Data excerpts:
──────

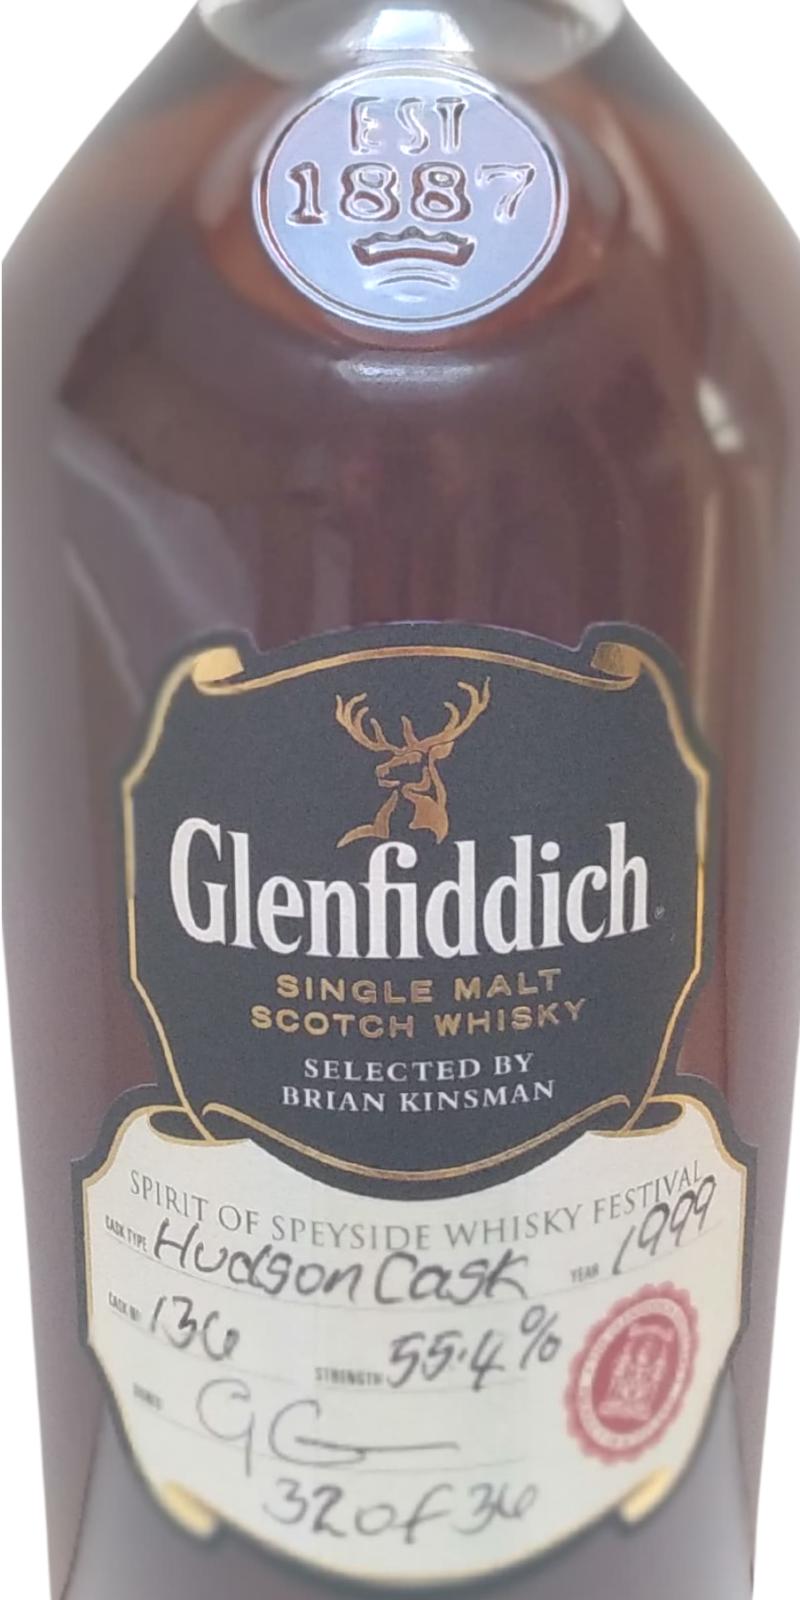 Glenfiddich 1999 - Hudson Cask No.136
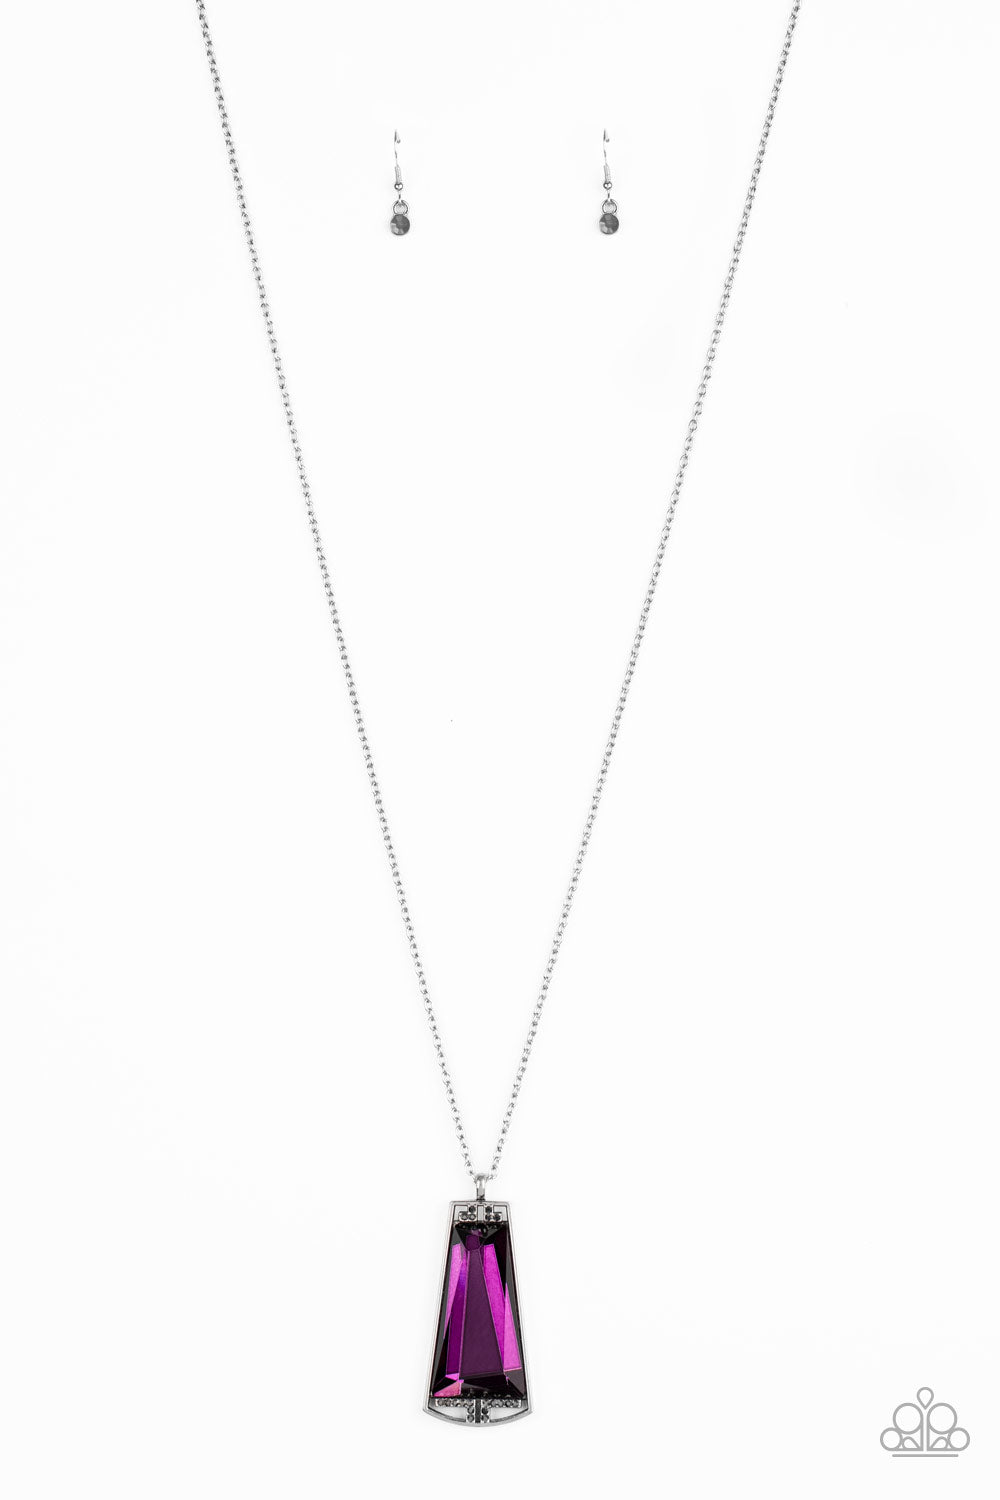 Paparazzi Necklaces - Empire State Elegance - Purple
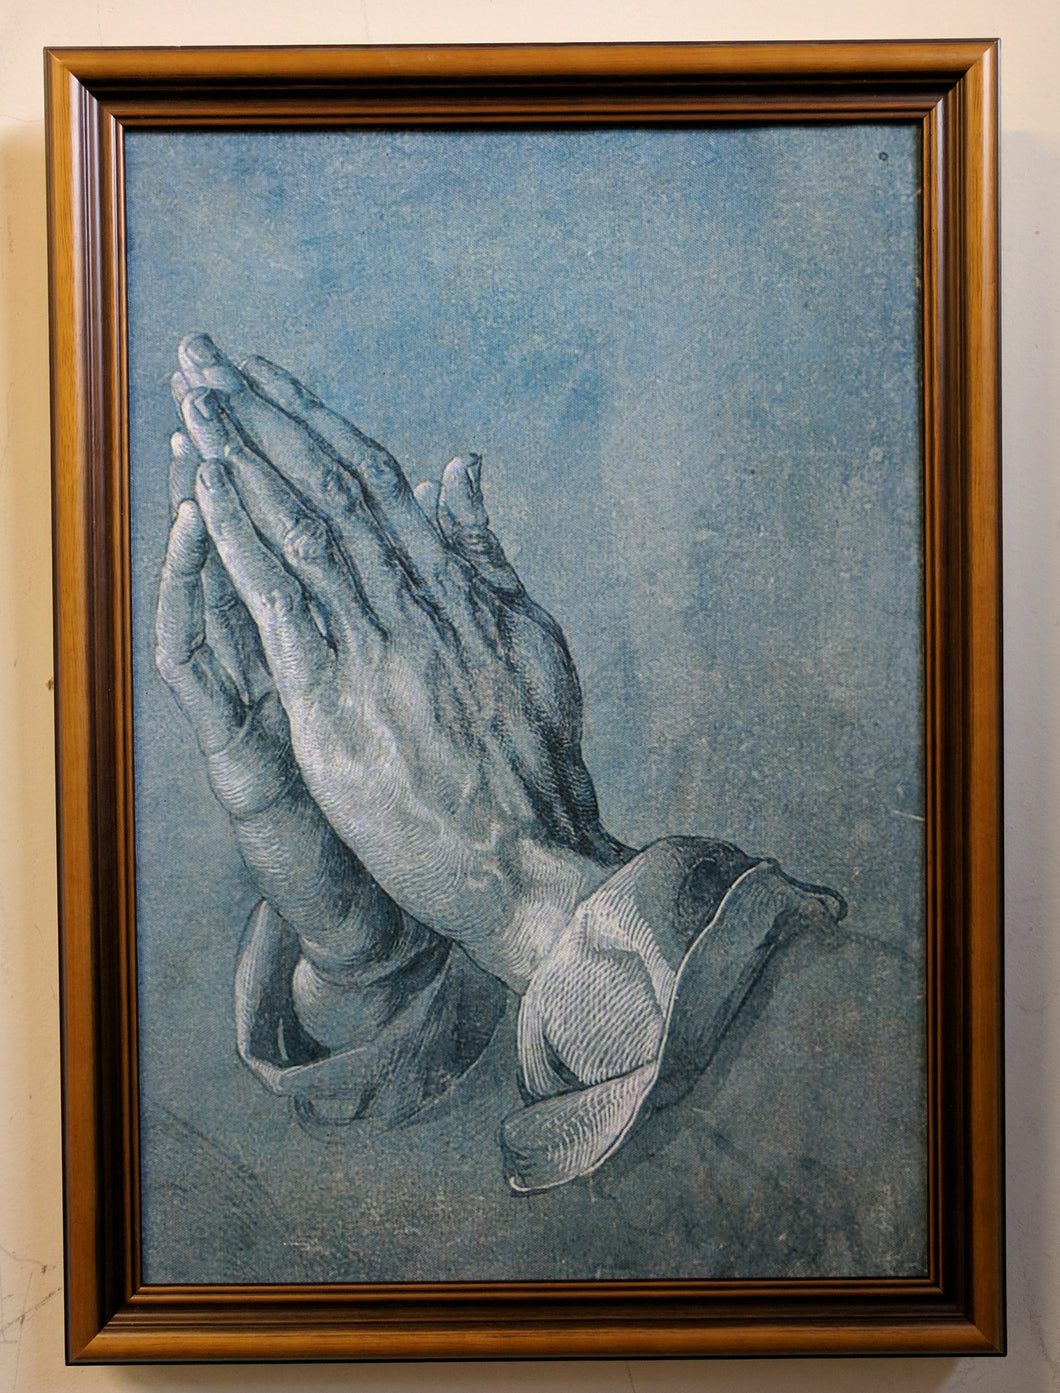 5124 Black and White Pastel of Man's Hands Praying
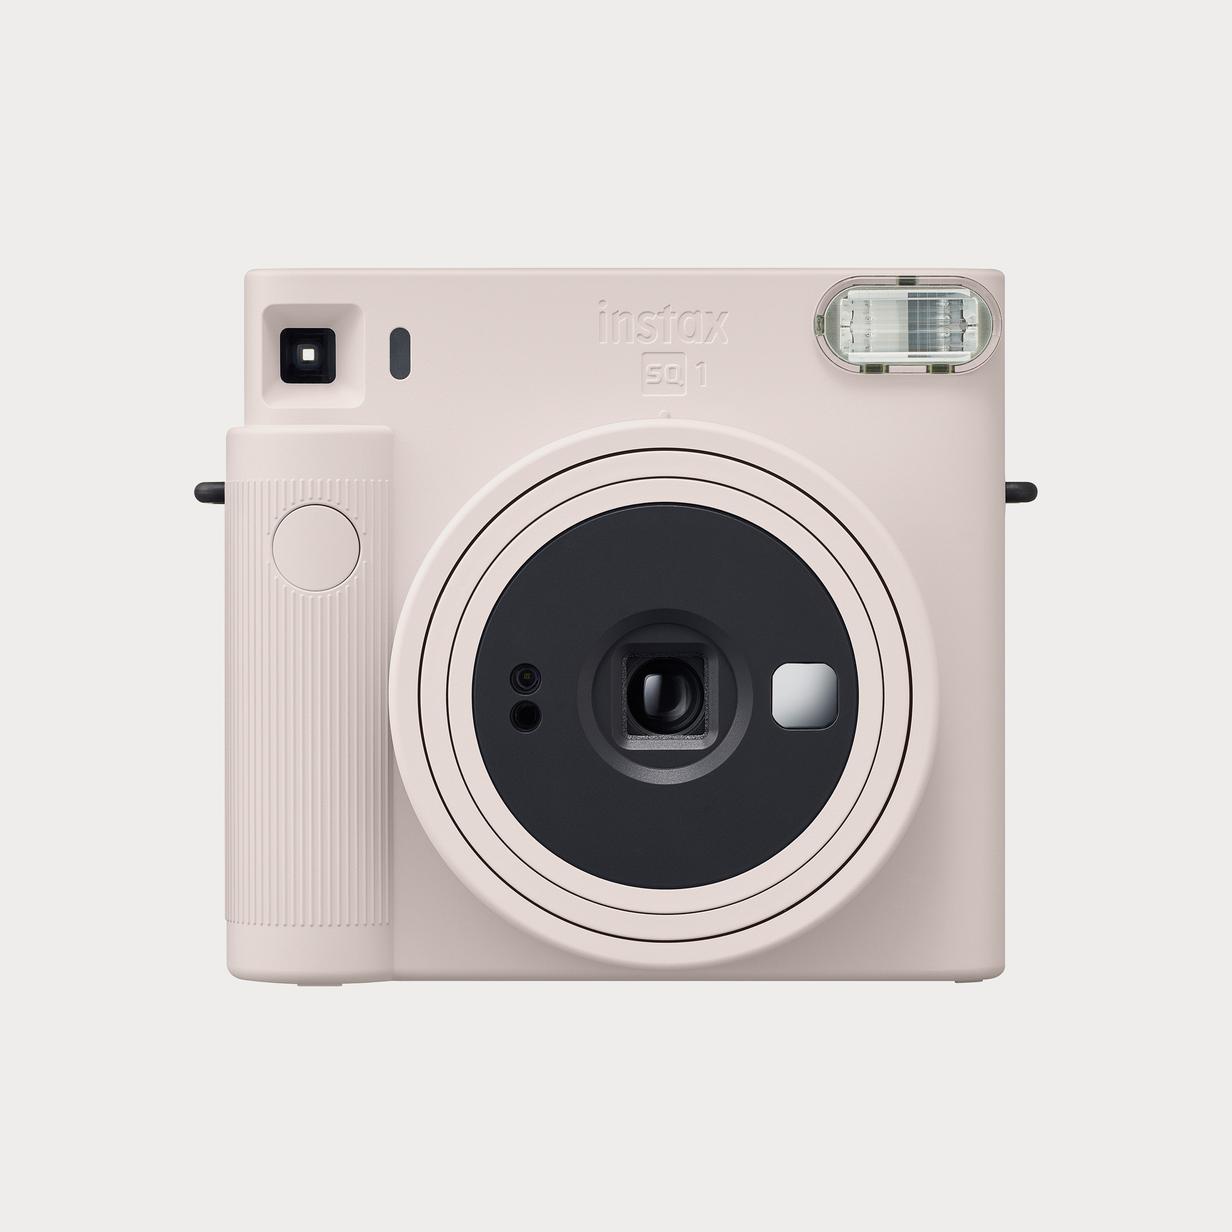 shopmoment.com | Instax Square SQ1 Instant Camera
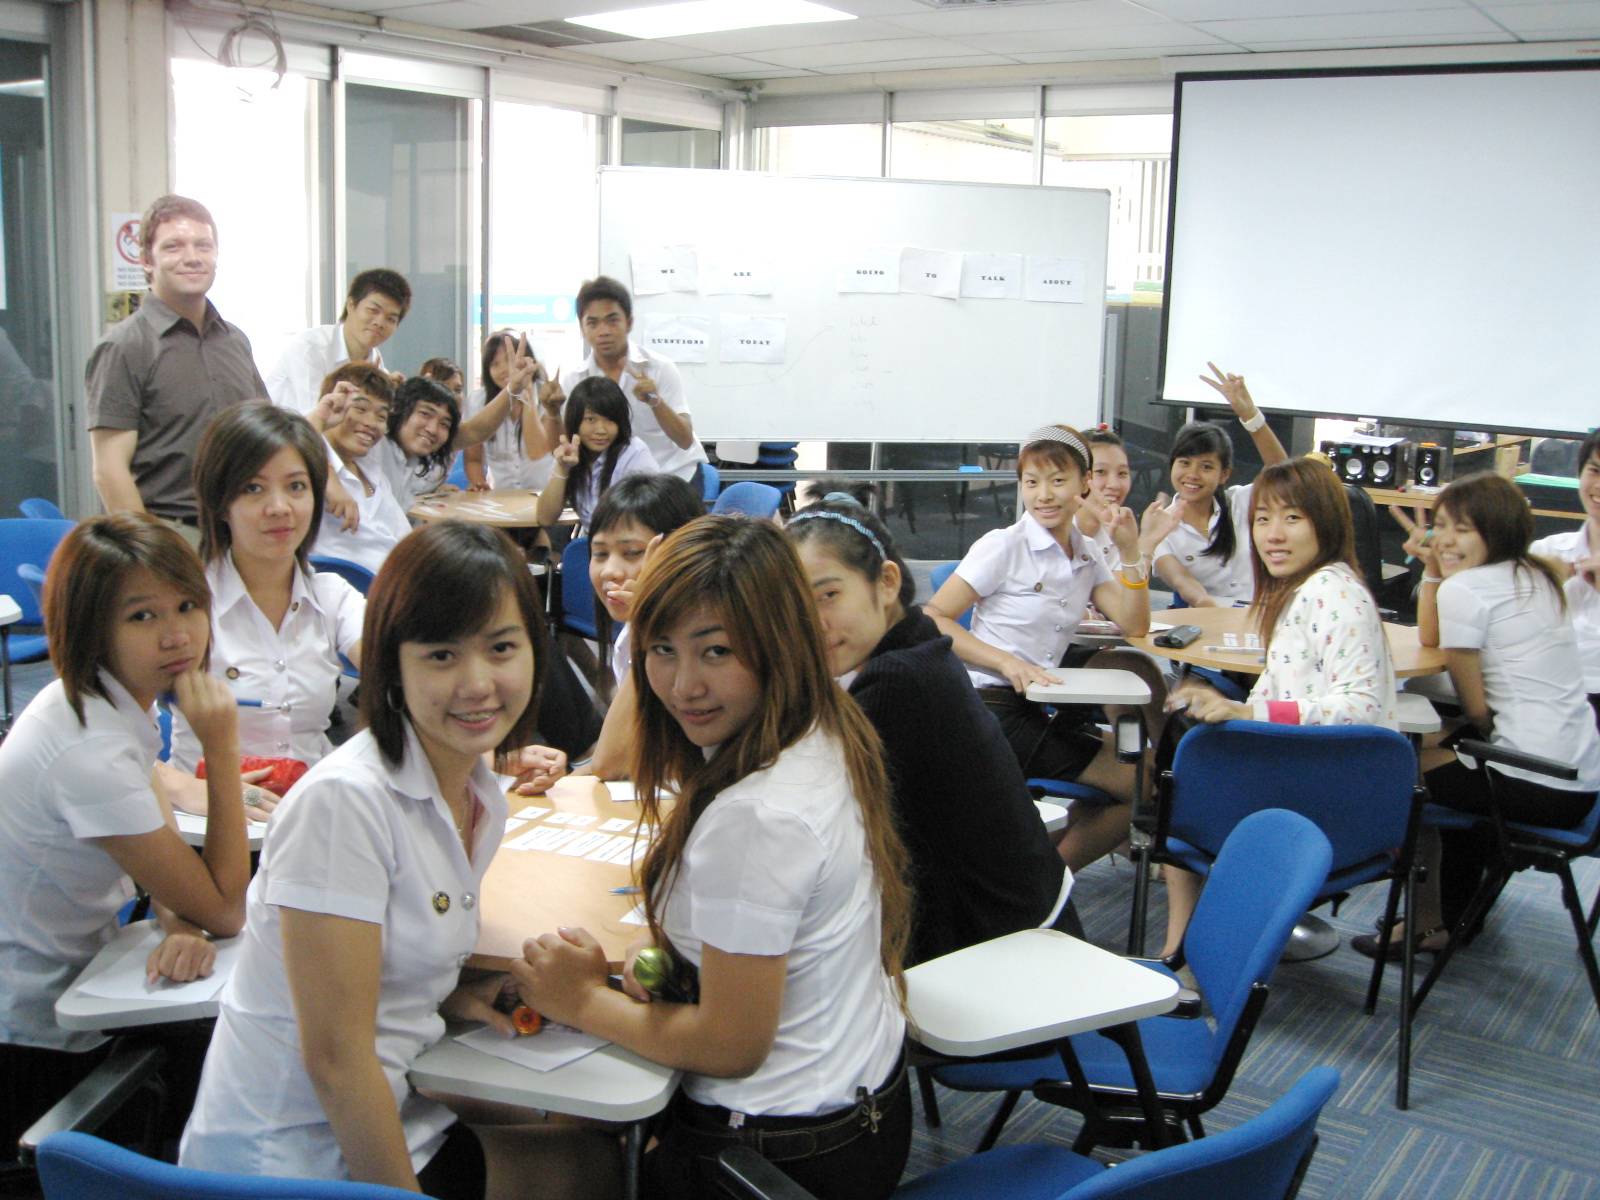 Students at St. John’s University in Bangkok in a 2010 file photo. Photo: R. Monthienvichienchai / CCA-SA-3.0

──────

◆ Work instructions:
Skip the pictures and retype exactly the lines from the one that contains "shopmoment.com | Instax" to the last line of the records.

◆ Written response:
 shopmoment.com | Instax Square SQ1 Instant Camera
 Students at St. John’s University in Bangkok in a 2010 file photo. Photo: R. Monthienvichienchai / CCA-SA-3.0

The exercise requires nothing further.